Determine 1: stepwise conduct in self-supervised studying. When coaching widespread SSL algorithms, we discover that the loss descends in a stepwise vogue (high left) and the realized embeddings iteratively improve in dimensionality (backside left). Direct visualization of embeddings (proper; high three PCA instructions proven) confirms that embeddings are initially collapsed to some extent, which then expands to a 1D manifold, a 2D manifold, and past concurrently with steps within the loss.
It’s broadly believed that deep studying’s beautiful success is due partly to its capability to find and extract helpful representations of complicated information. Self-supervised studying (SSL) has emerged as a number one framework for studying these representations for pictures instantly from unlabeled information, just like how LLMs study representations for language instantly from web-scraped textual content. But regardless of SSL’s key function in state-of-the-art fashions corresponding to CLIP and MidJourney, elementary questions like “what are self-supervised picture programs actually studying?” and “how does that studying really happen?” lack primary solutions.
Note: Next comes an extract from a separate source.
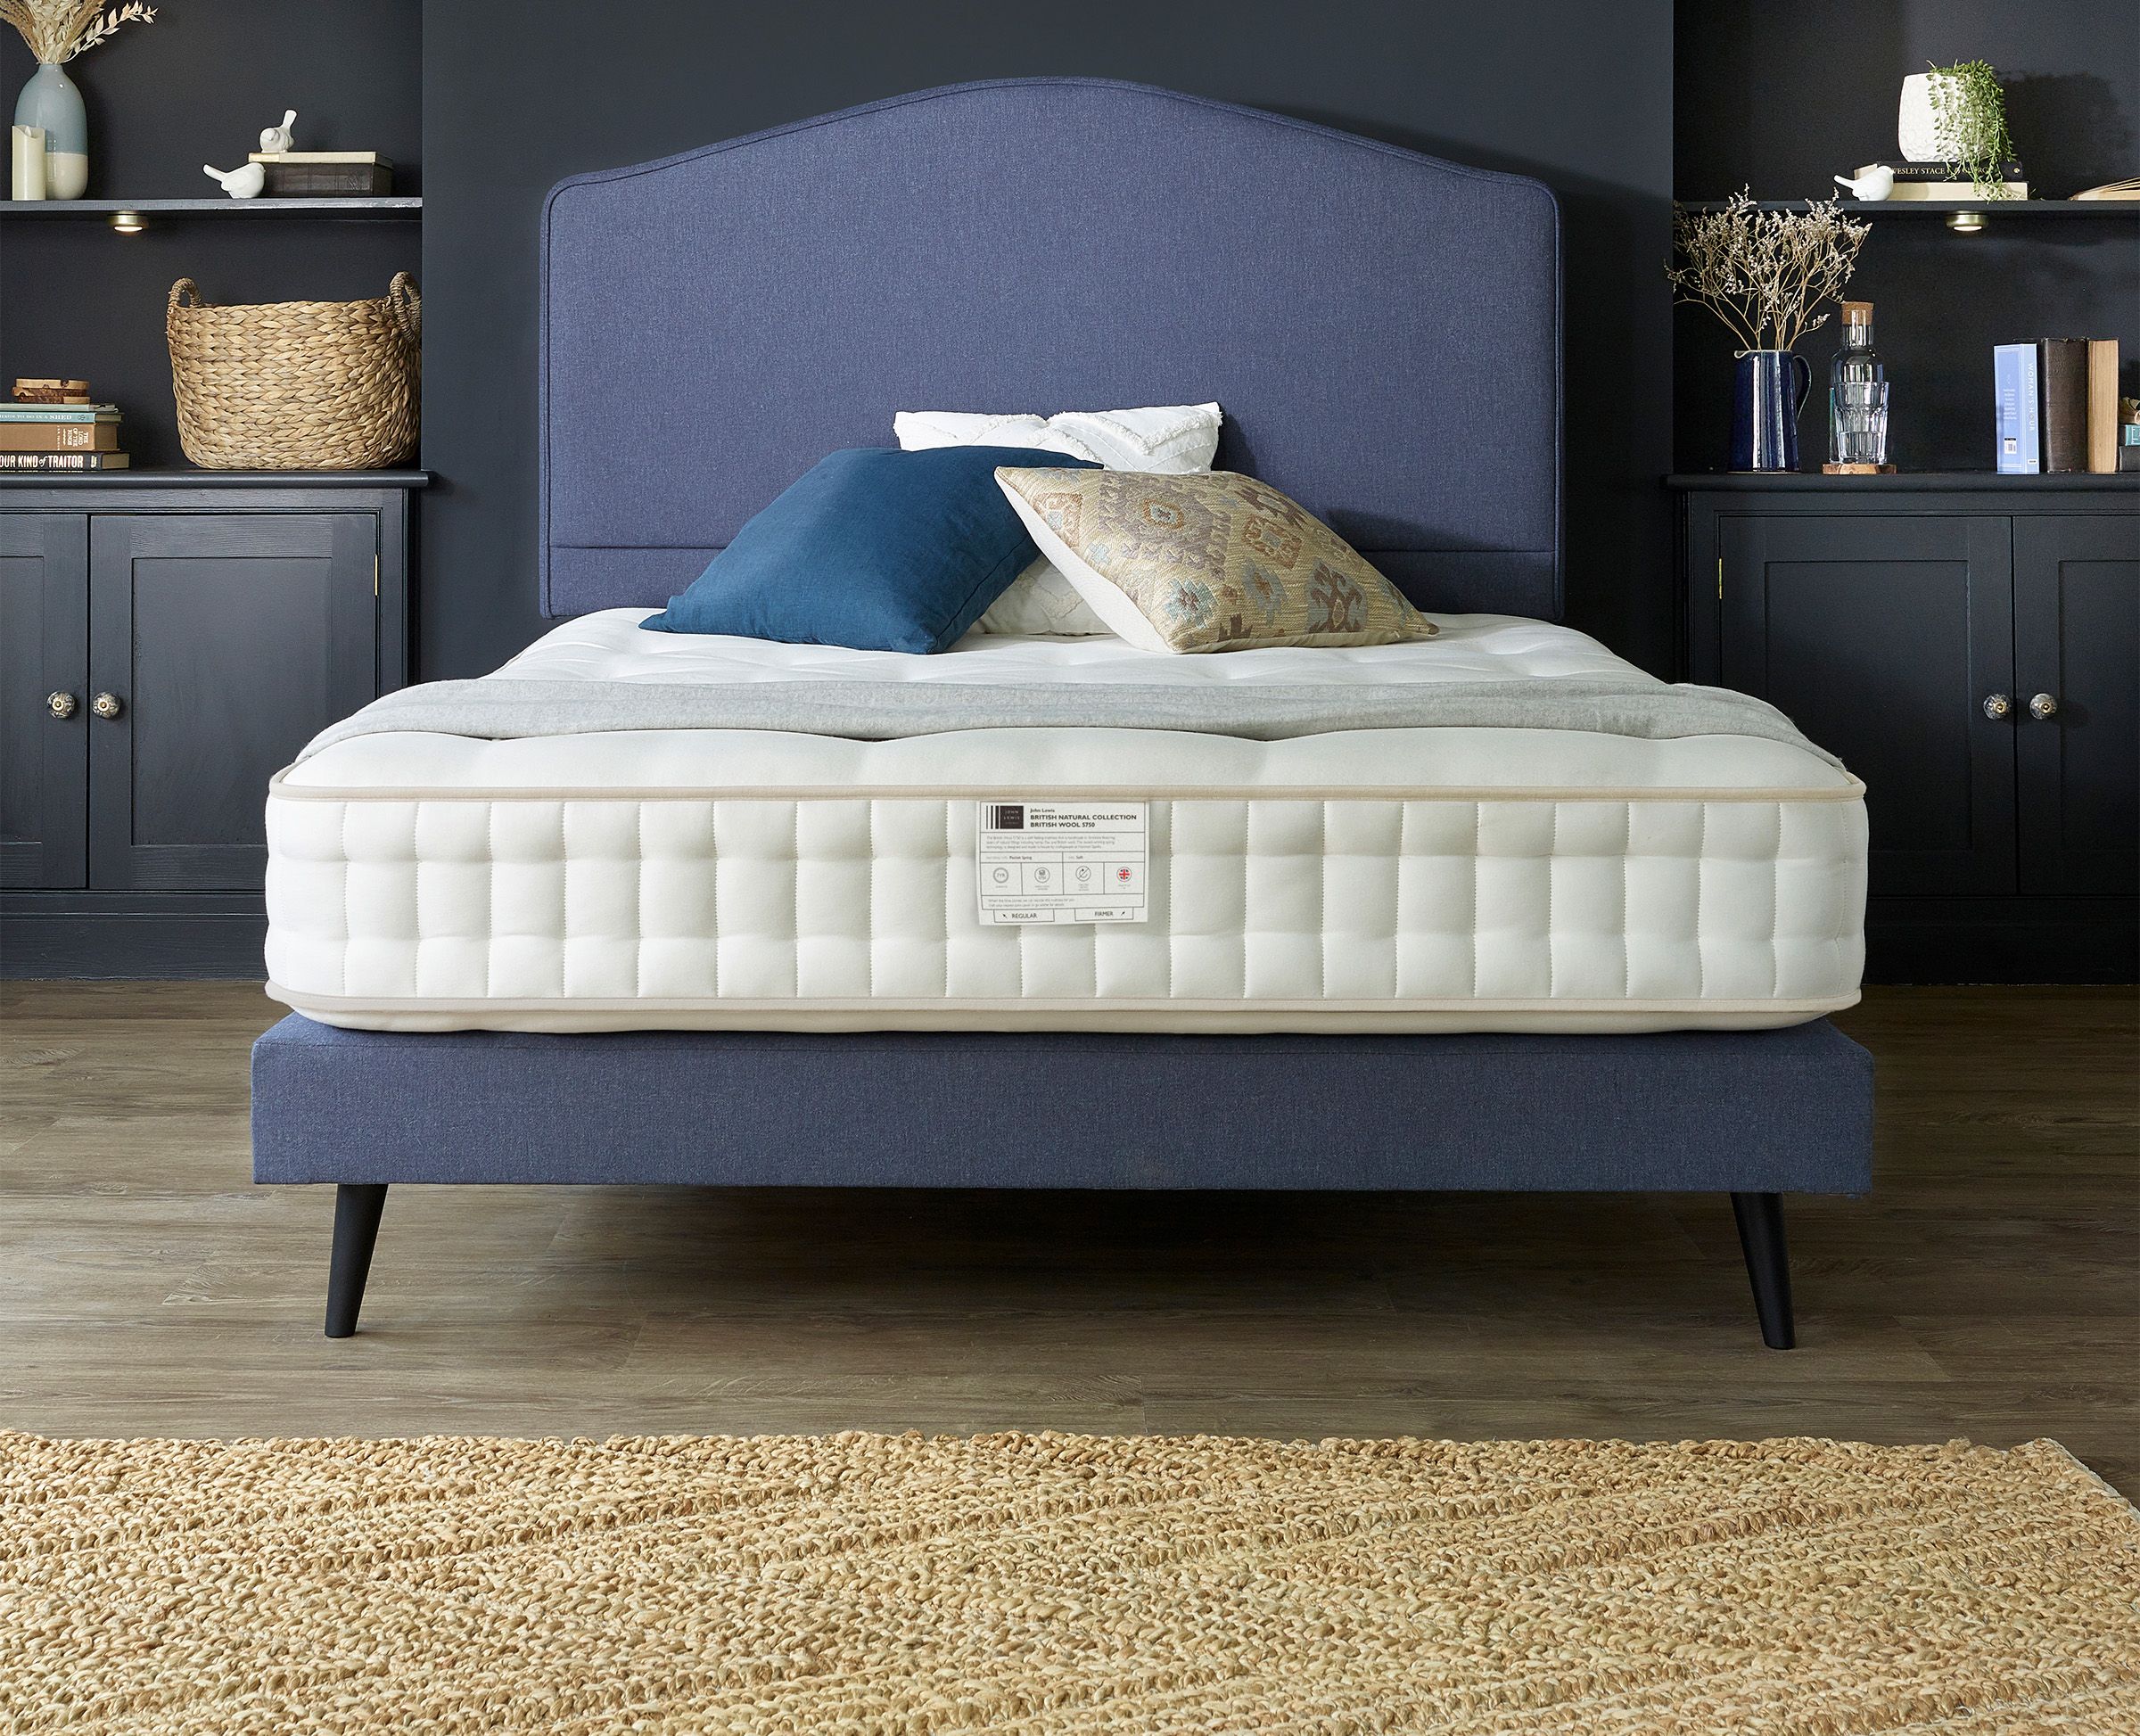 English cottton mattress ifc image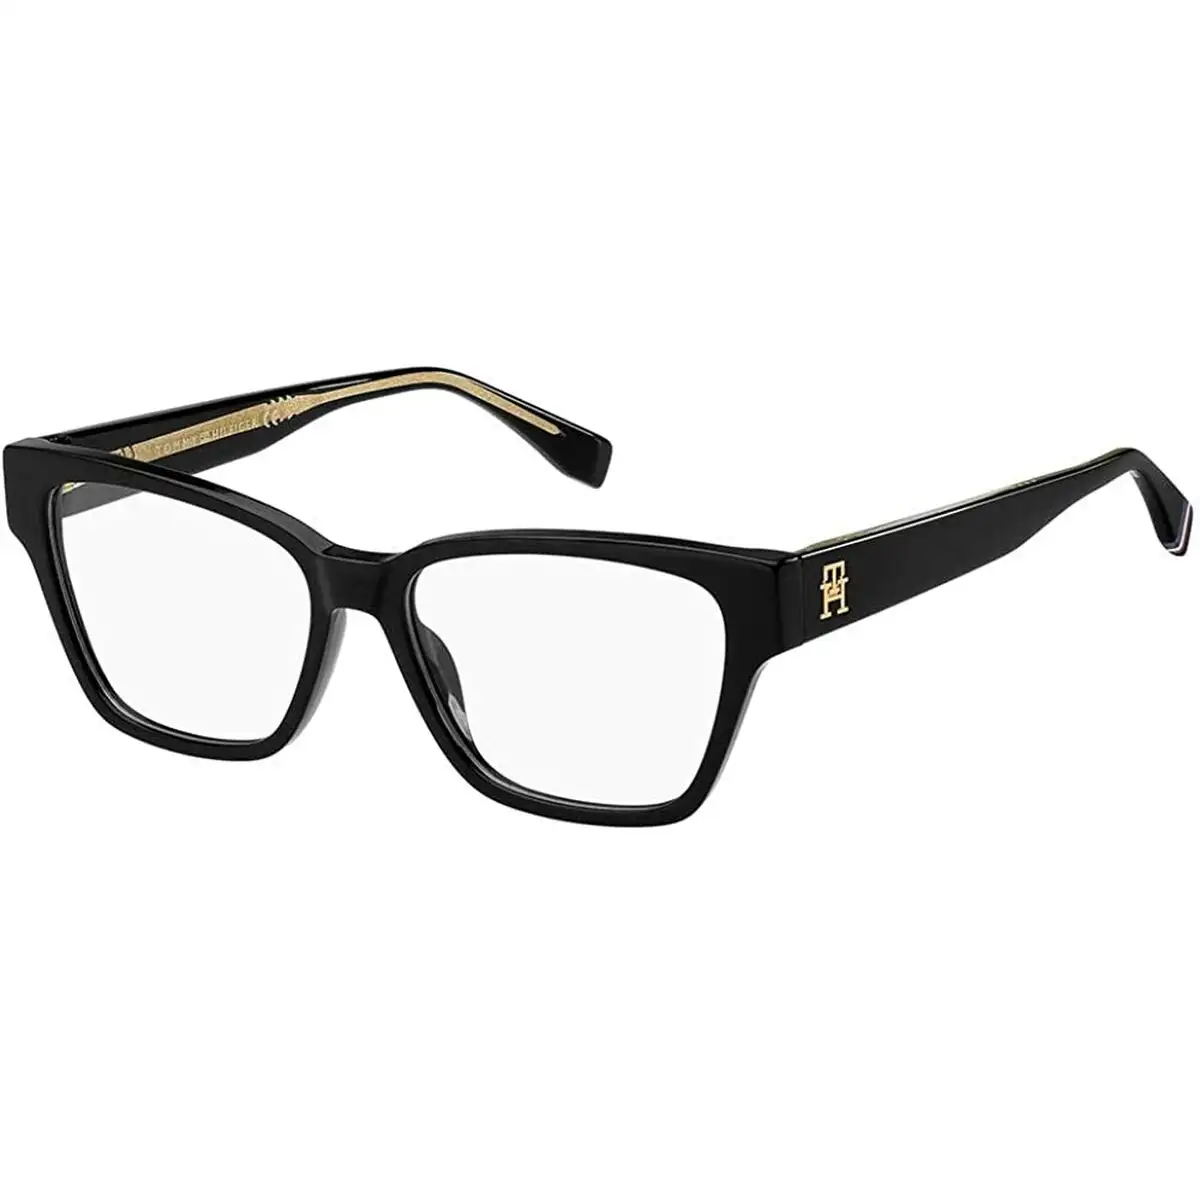 Monture de lunettes femme tommy hilfiger th 2000_5453. DIAYTAR SENEGAL - Où Chaque Produit est une Promesse de Qualité. Explorez notre boutique en ligne et choisissez des produits qui répondent à vos exigences élevées.

Our latest paper (to seem at ICML 2023) presents what we advise is the primary compelling mathematical image of the coaching technique of large-scale SSL strategies. Our simplified theoretical mannequin, which we clear up precisely, learns points of the information in a sequence of discrete, well-separated steps. We then exhibit that this conduct will be noticed within the wild throughout many present state-of-the-art programs.
This discovery opens new avenues for bettering SSL strategies, and permits a complete vary of latest scientific questions that, when answered, will present a strong lens for understanding a few of at present’s most essential deep studying programs.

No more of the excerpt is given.